The impact of publicity upon the jury

  1. [88]
    The appellants pressed the contention that there was a high risk of prejudice in the criminal proceedings from the real prospect of the jury being contaminated by having disclosed to it the declarations or other relief granted in the IRC, or by the evidence given in the IRC proceedings.
  2. [89]
    For the reasons given above, the overlap between the proceedings is not such that the IRC findings should be seen as foreclosing the jury’s determinations.
  3. [90]
    Particular reliance was placed on the doubts expressed by Finkelstein J in ASIC v HLP, and comments of the Full Court of the Federal Court in CFMEU v Australian Competition and Consumer Commission.[66]
  4. [91]
    In my view, too much is made of this point.  The Vice President hearing the IRC proceedings is, of course, well aware that the criminal proceedings have been commenced, and of the concern about the impact of its findings on the jury.  It must be accepted that the Vice President will be careful to make findings only to the extent required.
  5. [92]
    Further, to the extent that there is publicity attracted to those findings, or the ultimate conclusion, there is no reason to doubt that proper directions can be given to the jury to exclude those matters from their considerations.  Those directions would include an explanation of the different issues, and in particular the absence of any requirement for a consideration of dishonesty in the IRC proceedings.  This court should proceed on the basis that the jury will follow the directions they are given.[67]  In Ferguson this court considered the question of adverse publicity on a jury and said:[68]

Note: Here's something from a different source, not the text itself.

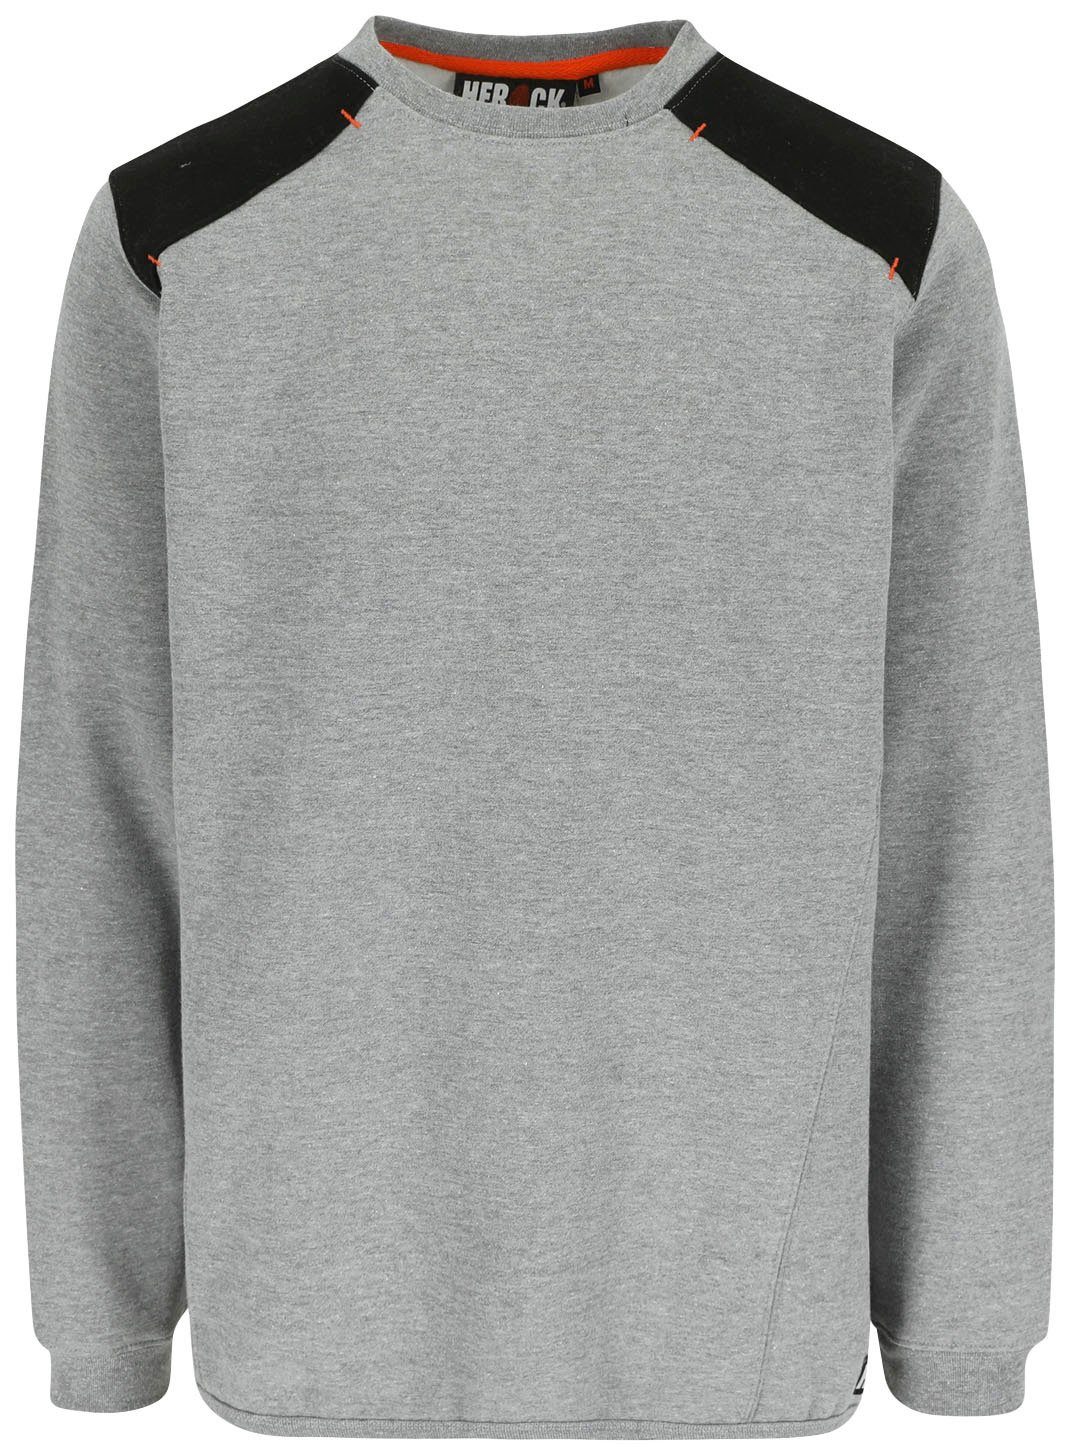 Rippstrick Sweater Rückenteil grau - Artemis Herock weiches Tragegefühl Rundhalspullover - Langes Kragen

“As to the first of the issues of present concern, there is an abundance of authoritative statements that even where a trial is accompanied by adverse publicity, even adverse publicity concerning the accused’s previous criminal convictions, the court should be slow to conclude that the result of risk of unfairness to the accused is intractable because the jury is unlikely to be amenable to the directions of the trial judge to ignore the adverse publicity and render their verdict based on the evidence.”

  1. [93]
    Further, in R v Glennon[69] Mason CJ and Toohey J said:

“Likewise, the suggestion that there was a substantial risk that at least one juror would have acquired knowledge, before the verdict was given, of the respondent’s prior conviction was again a matter of mere conjecture or speculation.  The mere possibility that such knowledge may have been acquired by a juror during the trial is not a sufficient basis for concluding that the accused did not have a fair trial or that there was a miscarriage of justice.  Something more must be shown.  The possibility that a juror might acquire irrelevant and prejudicial information is inherent in a criminal trial.  The law acknowledges the existence of that possibility but proceeds on the footing that the jury, acting in conformity with the instructions given to them by the trial judge, will render a true verdict in accordance with the evidence.  As Toohey J observed in Hinch ((1987) 164 CLR at 74), in the past too little weight may have been given to the capacity of jurors to assess critically what they see and hear and their ability to reach their decisions by reference to the evidence before them.  In Murphy v The Queen, we stated ((1989) 167 CLR 94 at 99; see also Reg v Von Einem (1990) 55 SASR 199 at 211):

‘But it is misleading to think that, because a juror has heard something of the circumstances giving rise to the trial, the accused has lost the opportunity of an indifferent jury.  The matter was put this way by the Ontario Court of Appeal in Reg v Hubbert ((1975) 29 CCC (2d) 279 at 291): ‘In this era of rapid dissemination of news by the various media, it would be naive to think that in the case of a crime involving considerable notoriety, it would be possible to select twelve jurors who had not heard anything about the case.  Prior information about a case, even the holding of a tentative opinion about it, does not make partial a juror sworn to render a true verdict according to the evidence.’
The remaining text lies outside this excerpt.